Italy, Vatican, Braccio Nuovo, 2290
ca. 20-17 BC
Preservation:The right arm was broken off. The break under the right shoulder strap is now filled with plaster. The outer portion of the upper part of the support with a piece of the dolphin's tail has broken. There are also breaks on the right elbow, the right wrist, the left lower leg, diagonally through the right ankle, and through both feet. Restorations include part of the left ear, a part of the left shoulder, the edge of the right shoulder strap and under part of the left strap with the button, the fingers of the right hand, the left index finger, the tail and mouth of the dolphin, the left heel, a small part of the mantle, the lowest part of corner of drapery which hangs down, the majority of the plinth. On the right arm and on the left leg are the remains of ancient restorations. The head was worked separately and inset. There are traces of paint preserved which indicate that the cuirass was painted, that the pupils were large, the irises reddish, and the hair brown.
Description:The statue depicts a mature man in military dress. Looking to the right, the figure raises his right arm. Near the right foot is a support in the form of a Cupid riding a dolphin.
The statue wears a military cuirass and a mantle wrapped around its hips and draped over the left forearm. It is, however, barefoot. The body weight rests over the right leg; the right arm is outstretched and raised; the left arm, resting by the side, held a scepter or sword which is no longer preserved. Next to the right leg is the support. The lower portion of the support is a vertically placed dolphin; the face is toward the ground and the tail is in the air. Stradling the dolphin is a nude little boy whose left arm reaches up the leg of the main figure.
The breastplate of the statue features figural decoration. In the center a barbarian soldier hands a military insignia to a Roman legionary who is accompanied by his faithful dog. Above this scene a charioteer rides across the cuirass in his chariot which is led by a winged female figure with a pitcher in hand. Over the shoulders of this woman appears a veiled woman with a torch. These figures of charioteer and two appear under a bearded male figure who holds a cloth over his head. Below the scene of the legionary, at the bottom of the cuirass, sits a female goddess, bountiful and holding a cornucopia. On both the left and the right of the scene with the legionary at the sides of the cuirass are seated, defeated barbarians; on the right the barbarian holds a sheathed sword with its hilt away from the body and on the left the barbarian has a dragon trumpet and a boar standard. Below the barbarians are respectively Apollo on a griffin and Diana on a stag. Depicted on the shoulder straps are sphinxes. On the back of the cuirass there is the wing of a Victory and a Trophy under the right arm.
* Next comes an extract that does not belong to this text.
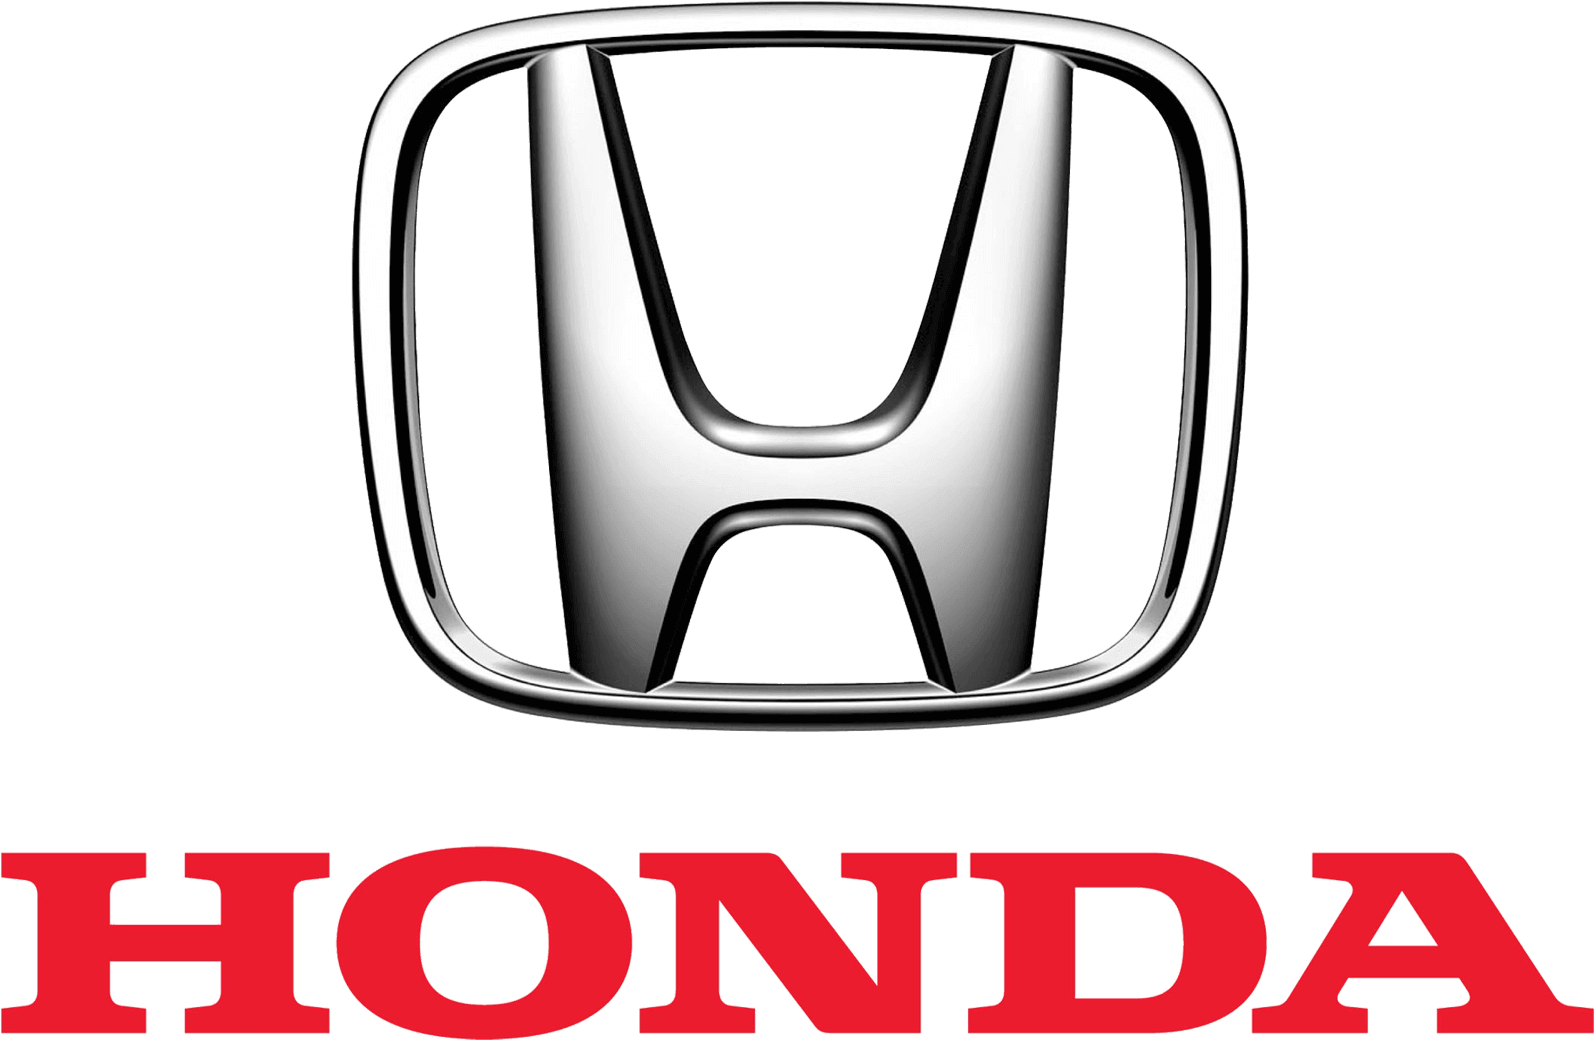 Honda company

The head of the statue, which turns to the right, bears a portrait. The face has a square form with a pointed chin. The brow is broad and its surface is ruffled by two vertical lines of contraction rising from the inner corners of the eyebrows. The eyebrows are narrow and mainly straight. The eyes, directly below, are almond shaped. The nose has a bulge at the center. The mouth is closed with perfectly shaped lips. The chin is short, round, and projecting. The skin of the cheeks around the mouth is modeled; there are small tucks around the upturned corners of the mouth. The widely spaced cheekbones project forcefully and the ears stick out.
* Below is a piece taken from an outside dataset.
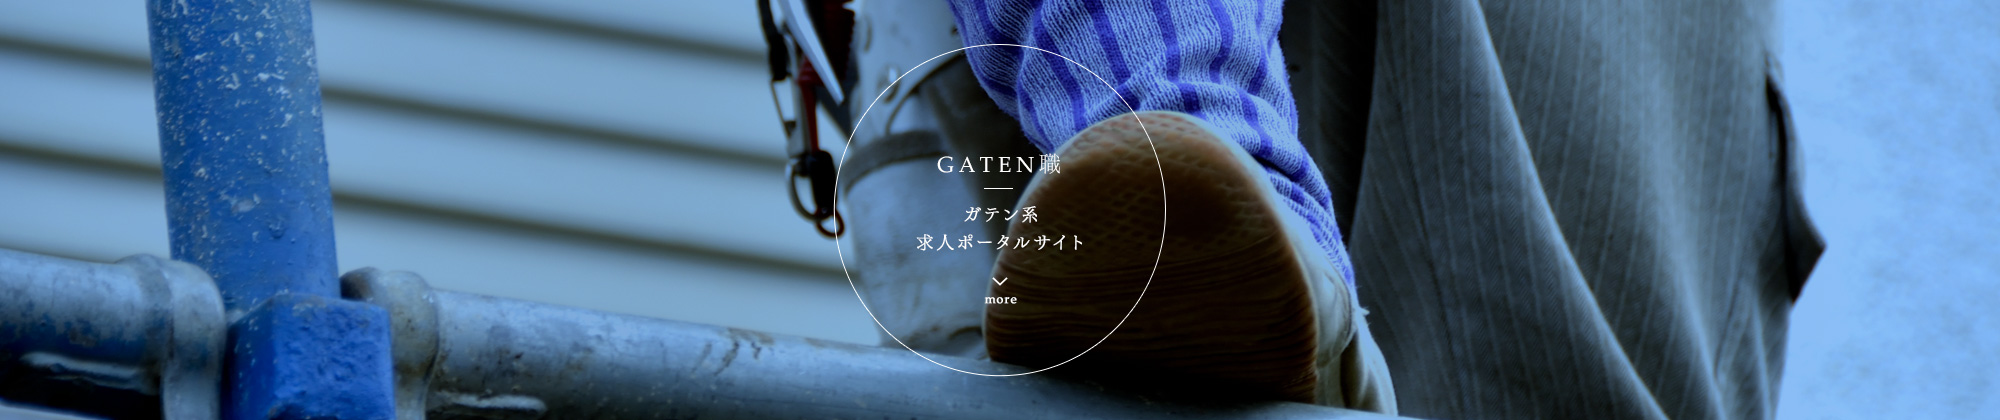 gaten_bnr

The hair falls downward from the crown in medium length locks. Over the brow the hair forms a fork and pincers motif. The ends of the locks over the inner corner of the left eye fork; they fall in opposite directions, creating a triangular space between them. The locks over the nose and inner portion of the right eye begin widely spaced but their ends turn inward toward each other, creating a pincers. In front of the ears are short sideburns that are brushed forward toward the face.
Discussion:This statue, known as the Augustus of Prima Porta, depicts the Emperor in military dress with his right arm raised as if addressing the troops and with a spear in his left hand. The statue is the most famous extant statue of the Emperor Augustus and possibly the most extant famous statue of any Emperor. Its completeness, intriguing find location, elaborate iconography, and portrait head have deservedly created much discussion among modern scholars.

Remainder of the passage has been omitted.